Important Information for Investors and Shareholders

This report may be deemed to be solicitation material in respect of the proposed acquisition of the Company by Parent that may result from the Merger Agreement. The Company intends to file with the SEC a proxy statement (the “Proxy Statement”) relating to the proposed transaction. INVESTORS AND SECURITY HOLDERS OF THE COMPANY ARE URGED TO READ THE PROXY STATEMENT AND THE OTHER RELEVANT MATERIALS FILED WITH THE SEC, IF AND WHEN THEY BECOME AVAILABLE, BECAUSE THEY WILL CONTAIN IMPORTANT INFORMATION ABOUT THE COMPANY, PARENT AND THE PROPOSED ACQUISITION, IF ANY. Investors and security holders may obtain a copy of the Proxy Statement and other relevant materials filed with the SEC free of charge (when they become available) at the SEC’s web site at www.sec.gov.
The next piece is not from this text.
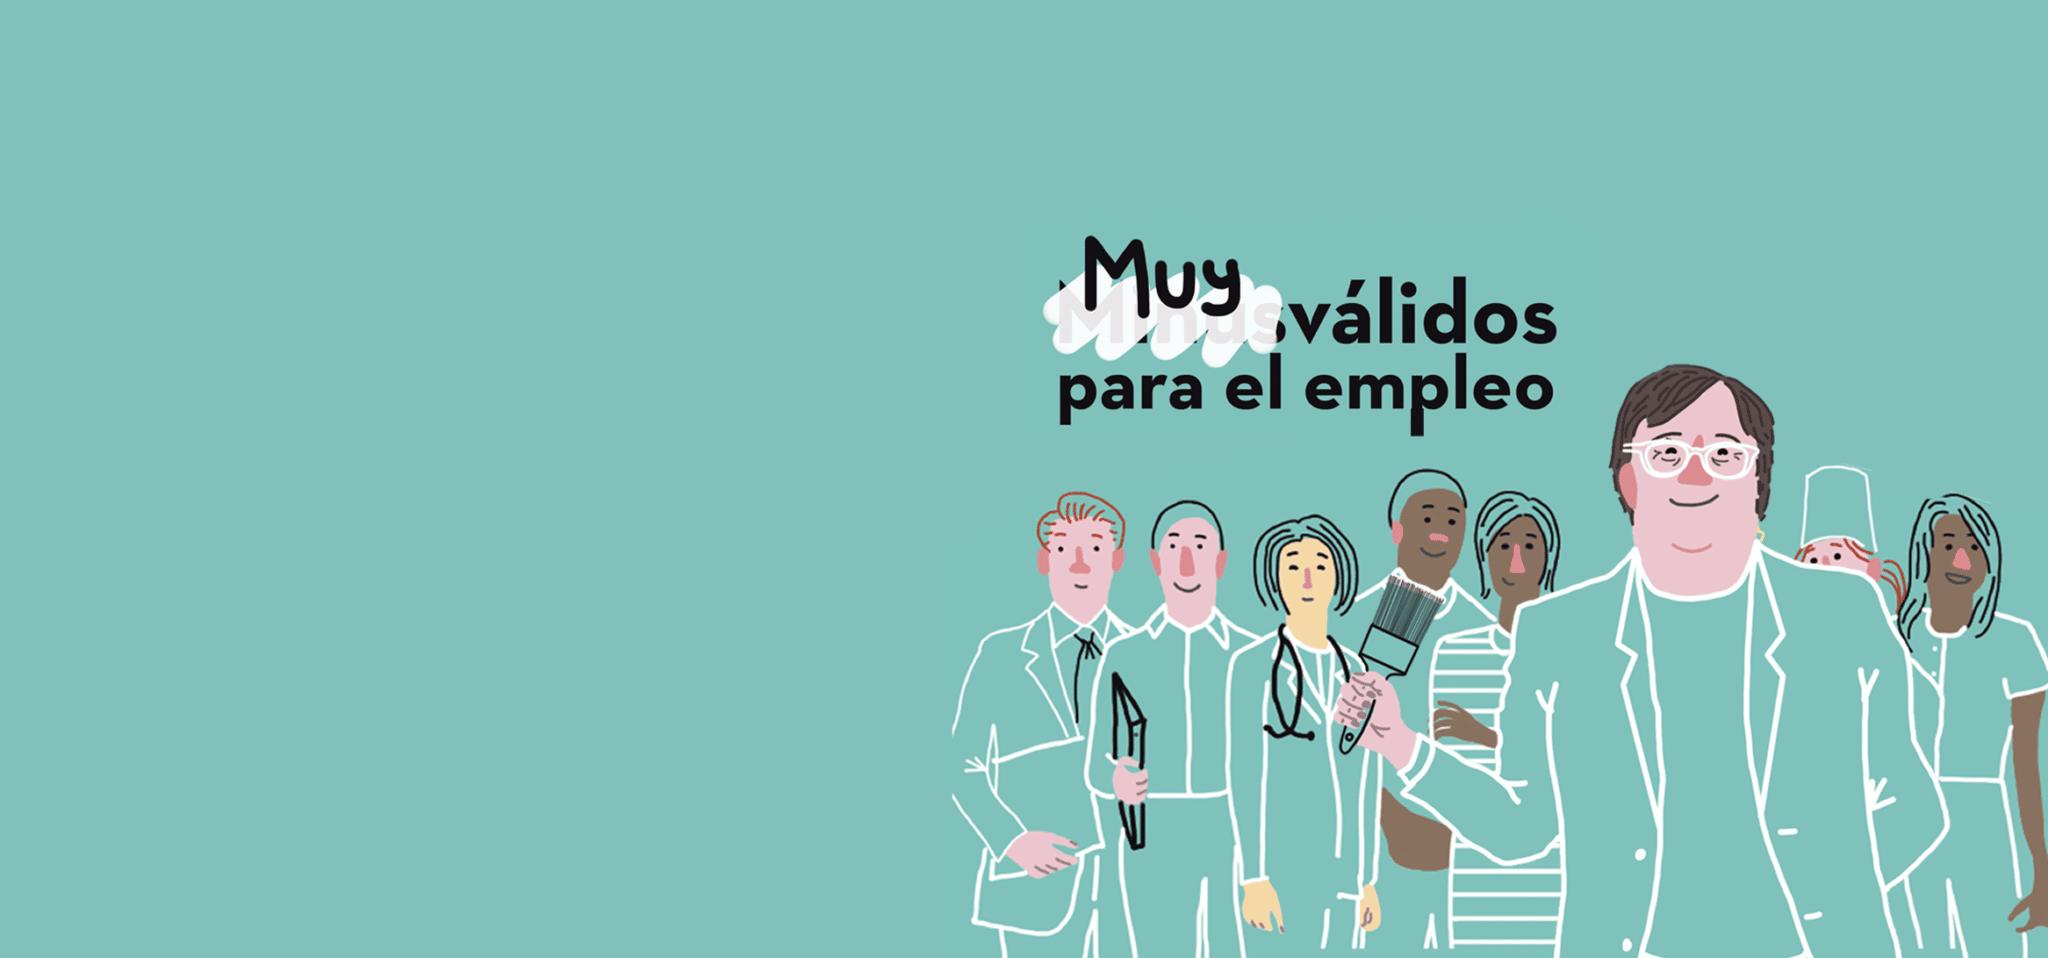 #EmpleoParaTodas

The Proxy Statement and such other documents, if and when they become available, may also be obtained free of charge on the Company’s website at www.presidentiallife.com under the tab “Investor Relations.”
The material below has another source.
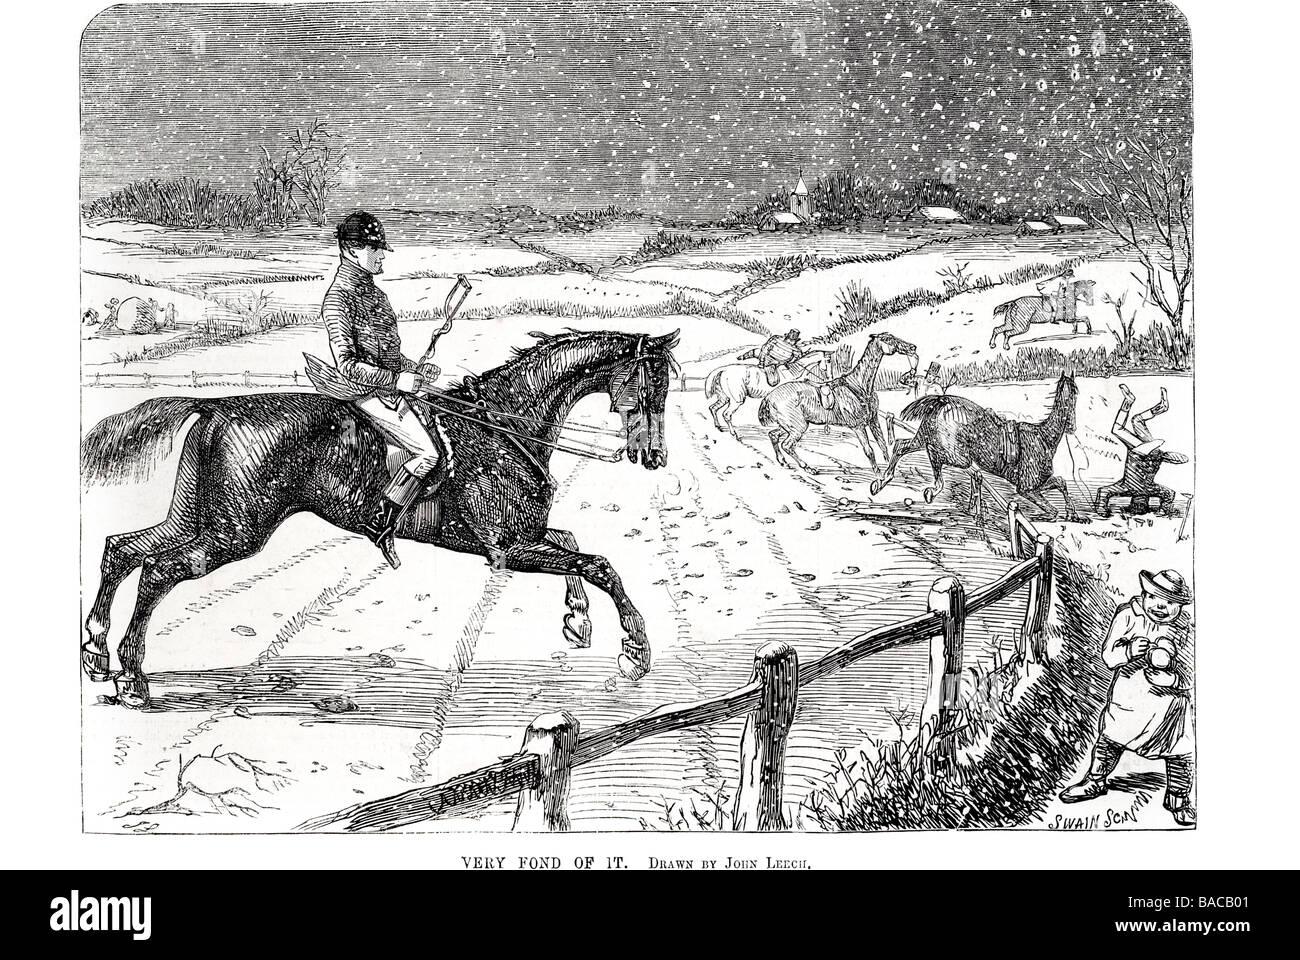 Il aimait beaucoup dessiné par John Leech 1854 Photo Stock

The Company and its respective directors and executive officers may be deemed to be participants in the solicitation of proxies of the Company’s shareholders in connection with the proposed acquisition. Information regarding these participants, and their ownership of Company Common Stock, is contained in its Annual Report on Form 10-K for the year ended December 31, 2011, filed with the SEC on March 15, 2012, and will be contained in the Proxy Statement.

 

Item 9.01. Financial Statements and Exhibits.

 

  (d) Exhibits

The following Exhibits are filed as part of this Report.

 

Exhibit 2.1*    Agreement and Plan of Merger, dated as of July 12, 2012, by and among Presidential Life Corporation, Athene Annuity & Life Assurance Company and Eagle Acquisition Corp.
Exhibit 10.1    Letter Agreement between Presidential Life Insurance Company, Presidential Life Corporation and Donald L. Barnes, dated July 12, 2012
Exhibit 10.2    Letter Agreement between Presidential Life Insurance Company, Presidential Life Corporation and P.B. (Pete) Pheffer, dated July 12, 2012
Exhibit 10.3    Letter Agreement between Presidential Life Insurance Company, Presidential Life Corporation and Mark Abrams, dated July 12, 2012
Exhibit 99.1    Joint Press Release issued by Presidential Life Corporation and Athene Annuity & Life Assurance Company on July 13, 2012

 

* Schedules and exhibits omitted pursuant to Item 601(b)(2) of Regulation S-K. The Company agrees to furnish supplementally a copy of any omitted schedule to the Securities and Exchange Commission upon request.

 


SIGNATURE

Pursuant to the requirements of the Securities Exchange Act of 1934, the Registrant has duly caused this Report to be signed on its behalf by the undersigned hereunto duly authorized.

 

    PRESIDENTIAL LIFE CORPORATION
Date: July 13, 2012     By:   /s/ Donald L. Barnes
    Name:   Donald L. Barnes
    Title:   Chief Executive Officer


EXHIBIT INDEX

 

Exhibit 2.1*    Agreement and Plan of Merger, dated as of July 12, 2012, by and among Presidential Life Corporation, Athene Annuity & Life Assurance Company and Eagle Acquisition Corp.
Exhibit 10.1    Letter Agreement between Presidential Life Insurance Company, Presidential Life Corporation and Donald L. Barnes, dated July 12, 2012
Exhibit 10.2    Letter Agreement between Presidential Life Insurance Company, Presidential Life Corporation and P.B. (Pete) Pheffer, dated July 12, 2012
Exhibit 10.3    Letter Agreement between Presidential Life Insurance Company, Presidential Life Corporation and Mark Abrams, dated July 12, 2012
Exhibit 99.1    Joint Press Release issued by Presidential Life Corporation and Athene Annuity & Life Assurance Company on July 13, 2012

 

* Schedules and exhibits omitted pursuant to Item 601(b)(2) of Regulation S-K. The Company agrees to furnish supplementally a copy of any omitted schedule to the Securities and Exchange Commission upon request.